The film has finally been released on Blu-Ray and DVD in two versions, one of which fulfills Lonergan's legal requirements (it weighs in at 149 minutes, 53 seconds), the other of which is the longer version Lonergan wants us to see. I bought the set, which I consider a rip-off. The price is very high to begin with, and I thought (admittedly without reading carefully) that it included four versions of the film: Blu-Ray extended, Blu-Ray theatrical, DVD extended, DVD theatrical. That is not the case. The set includes a Blu-Ray of the 150-minute cut and a DVD of the longer version. Period. For me personally, that means my one goal in buying the set, to get a Blu-Ray of the longer version, was never achieved.
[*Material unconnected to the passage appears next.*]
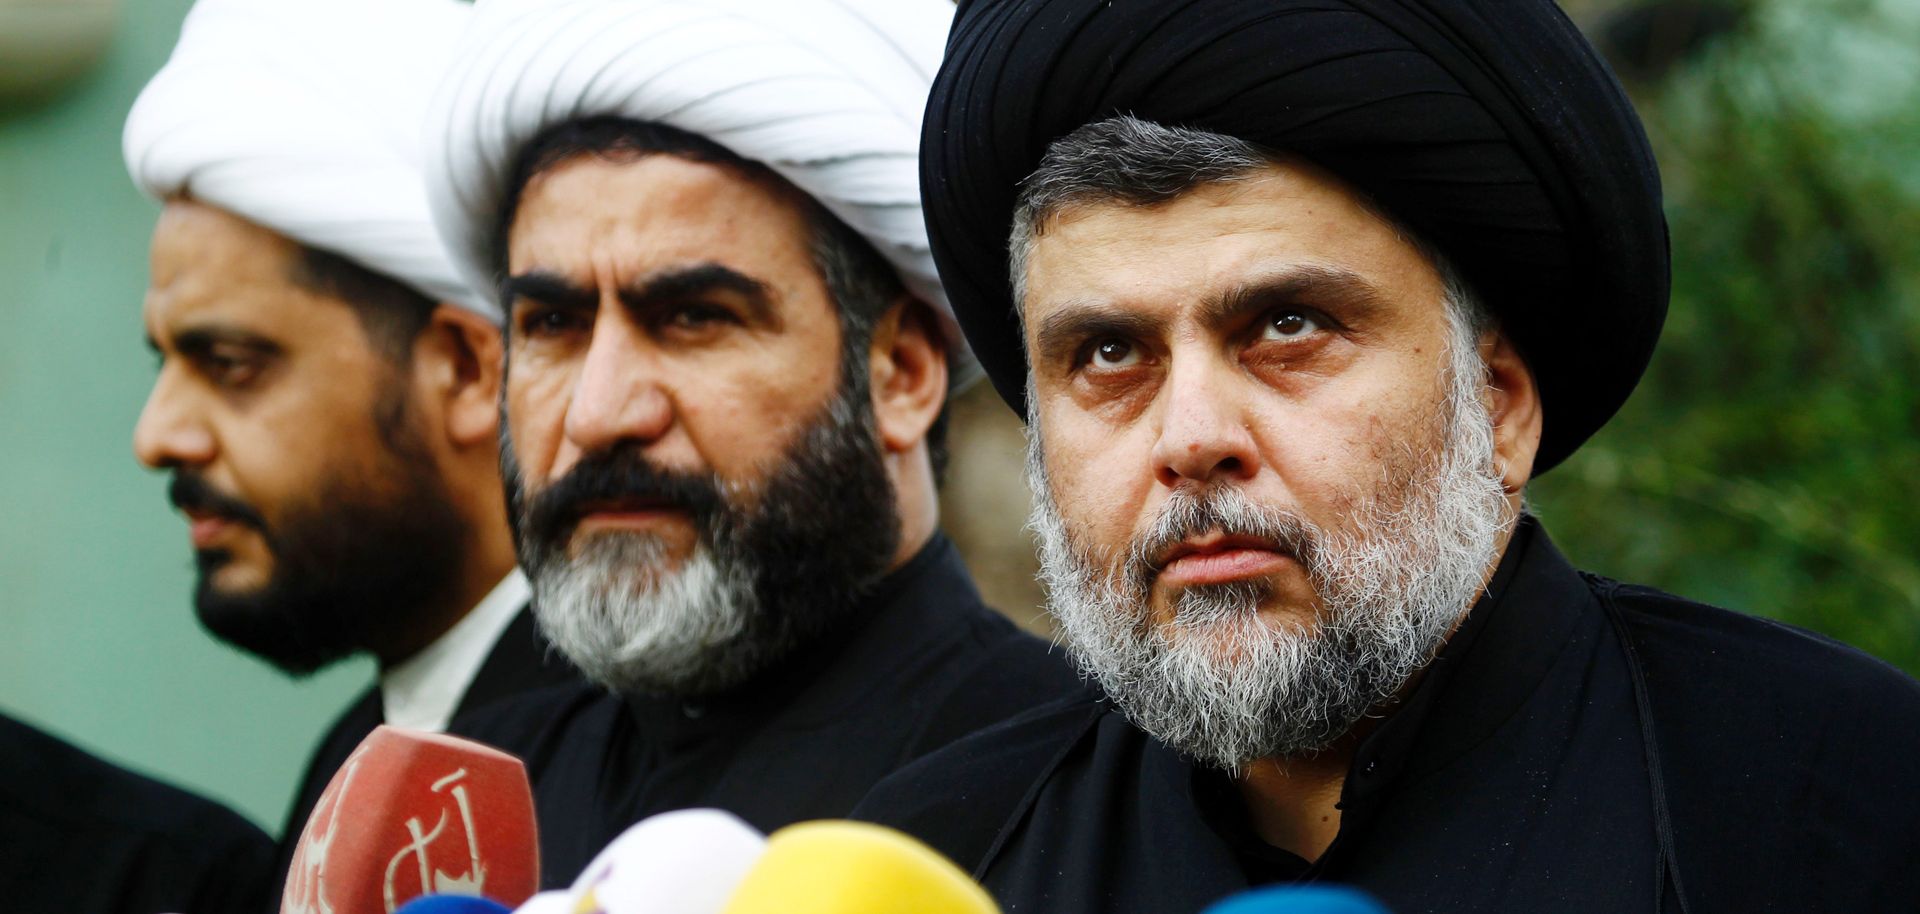 A Divisive Figure Unites Iraq's Shiite Leaders

As it relates to the Fun House, that doesn't matter. The nudity is exactly the same in both versions. One of the things we missed because of the legal wrangling was Anna Paquin's first nude scene. She was 22 or 23 at the time, and was playing a high school girl.

The movie itself?

Well, most important, the prolonged legal brouhaha over this film illustrates why directors should not be given final cut, especially if they consider themselves 100% artists and 0% businessmen. Not only is the 3-hour version unbearably long, but even the 150-minute version could be cut.

Considerably.

During the legal impasse, Lonergan supposedly called Mark Ruffalo, a confidante and one of the film's stars, into his editing room and screened the film for him. As the story goes, he asked "What could I possibly cut?", and Ruffalo supposedly could find nothing to trim from the work of perfect genius. I'm not sure exactly how Mark drew that conclusion, and I don't even know if the meeting really happened, but I'll tell you this: the film should be cut a lot more, and many places where it could be trimmed are extremely obvious, even if no individual scenes are excised from the movie. At various times in the film, people walk down aisles and corridors in real time. Elsewhere, people watch an opera and we see an ungodly amount of the actual opera-within-the-film. If an editor did nothing more than trim all that sort of fat, another 20 minutes could be lopped off.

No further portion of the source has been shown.